In this writ proceeding, defendants Prism Aerospace Inc. (Prism), LTET Enterprises, Inc. (LTET), and Felipe Cervantes challenge the trial court’s order denying their motion for summary adjudication of six causes of action in plaintiff Vanessa Urias’s sexual harassment lawsuit against them.
In August 2017, Urias sued defendants for battery and violations of the Fair Employment and Housing Act (FEHA) (Gov. Code, § 12900 et seq.). Urias’s claims were sent to arbitration in January 2018 but were restored to active status in the trial court over three years later, because the parties failed to select an arbitrator. After obtaining leave to file an amended complaint but then failing to file one within the allotted time, Urias did not respond to an order to show cause regarding dismissal. As a result, the trial court dismissed the action without prejudice in July 2021.
In February 2022, Urias filed the present lawsuit, which asserts the same claims as her previous suit plus four additional causes of action, including assault and a claim for attorney fees and costs under the California Arbitration Act (CAA) (Code Civ. Proc., § 1280 et seq.; unlabeled statutory citations refer to this code). Defendants moved for summary adjudication, arguing, among other things, that Urias’s claims were time- barred. The trial court granted summary adjudication as to two of the claims but denied summary adjudication as to the remaining six: Urias’s three FEHA claims, plus her claims for assault, battery, and attorney fees and costs. The court concluded that those
claims were timely because (1) the CAA’s tolling provisions tolled the applicable statutes of limitations for the three-year period when the claims were supposed to be in arbitration and (2) the relation back doctrine continued to toll the limitations periods until Urias filed the present lawsuit.

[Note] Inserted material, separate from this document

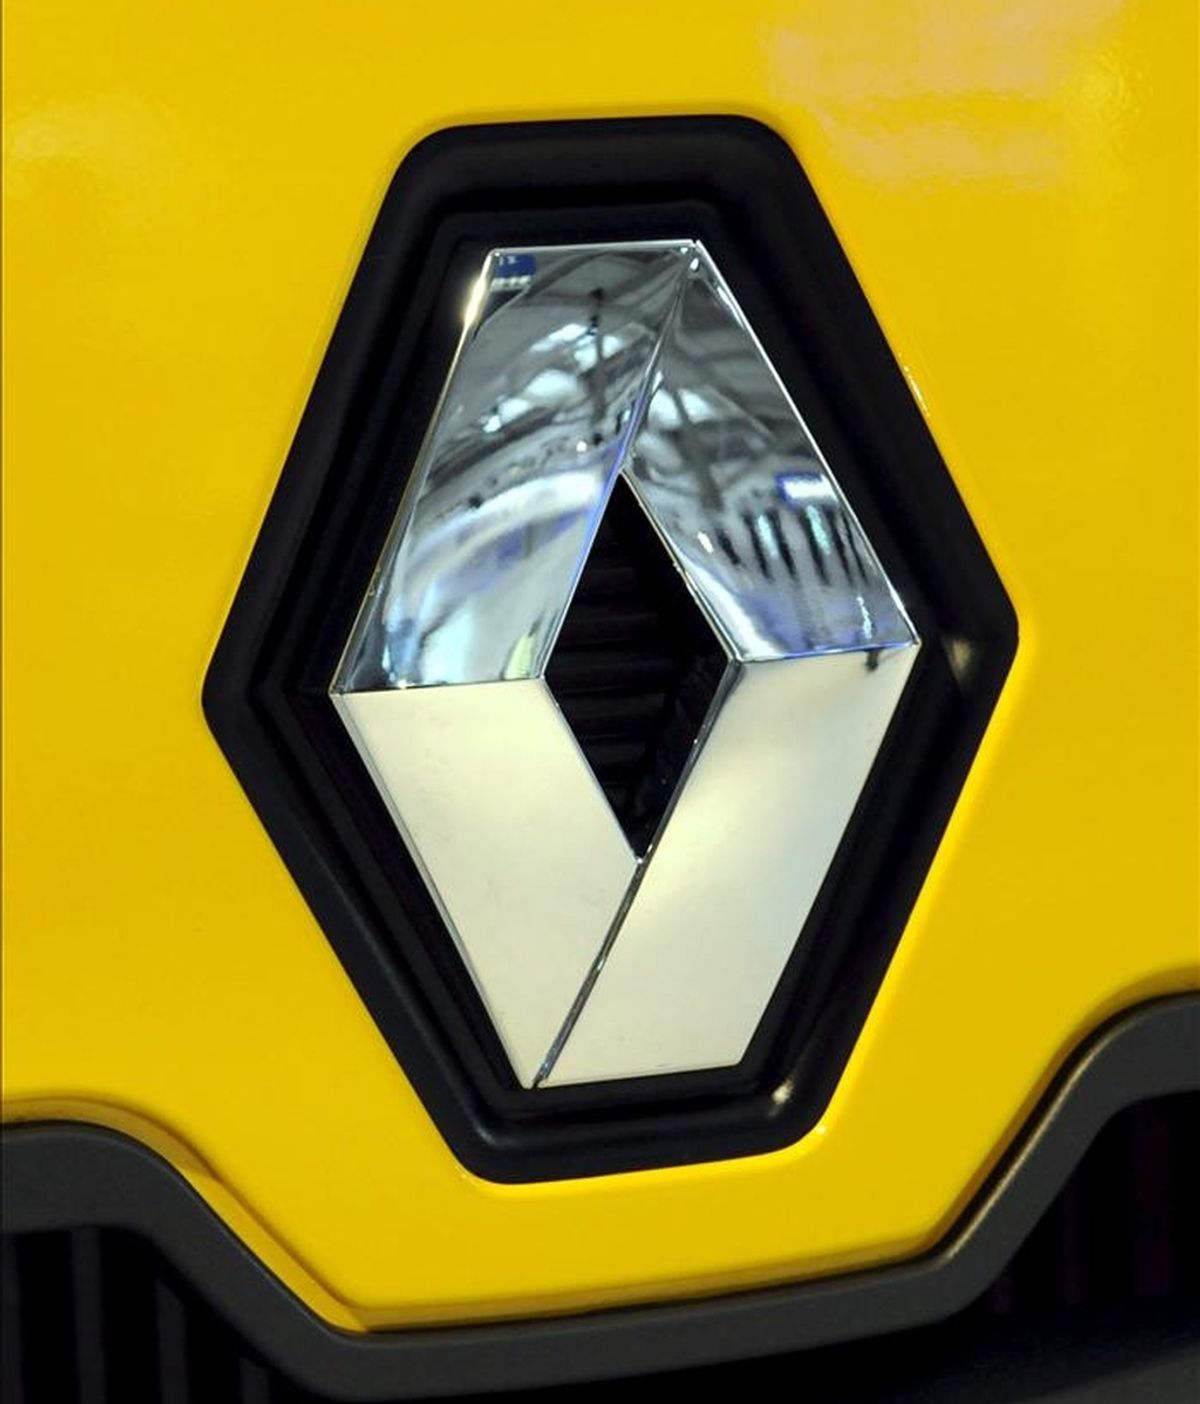 El fabricante automovilístico francés Renault presentó hoy una denuncia ante la Justicia gala por "espionaje industrial, corrupción, abuso de confianza, robo y encubrimiento cometidos en banda organizada". EFE/Archivo

Defendants argue that the trial court erred by concluding that those claims were not time-barred. We agree. The relation back doctrine does not apply under these circumstances, and even if the CAA’s tolling provisions applied, Urias waited too long after her suit returned to court to reassert her claims. We therefore grant the petition.
BACKGROUND A. Urias’s Lawsuits According to the allegations of Urias’s complaints, she was subjected to repeated unwanted sexual advances by her supervisor, Cervantes, when she was jointly employed by Prism and LTET from February 2013 to February 2016. Urias alleged that Cervantes asked her on dates despite knowing that she was in a committed relationship, and he repeatedly massaged her shoulders and arms despite her objections. She alleged that another supervisor told her that she (Urias) should date Cervantes if she wanted to advance within the company. Finally, Urias alleged that when she complained to human resources about Cervantes’s behavior, the human resources manager, who was related to Cervantes, responded by calling her “daughter-in-law.” According to Urias’s allegations, Cervantes’s inappropriate physical touching “continu[ed] through at least February, 2016.”
On August 22, 2016, Urias filed a complaint against LTET with the Department of Fair Employment and Housing (DFEH). That same day, DFEH issued a right-to-sue notice to Urias, informing her that she had one year from the date of the notice to file her lawsuit.
On August 16, 2017, Urias filed a civil complaint against defendants, asserting a claim for battery and three FEHA causes of action: (1) hostile work environment sexual harassment; (2) quid pro quo sexual harassment; and (3) failure to prevent harassment. In January 2018, the trial court granted defendants’ motion to compel arbitration.
Three years later, in January 2021, Urias filed a motion to restore the case to the superior court’s civil active list and for leave to file an amended complaint. On February 17, 2021, the trial court granted Urias’s motions and directed her to file an amended complaint within five days.
Urias did not file an amended complaint, and on May 19, 2021, the court issued an order to show cause why the action should not be dismissed. On July 28, 2021, the court dismissed the action without prejudice. The court’s minute order states, “[d]ismissal entered for the following reason: Failure to respond to an order to show cause regarding dismissal.”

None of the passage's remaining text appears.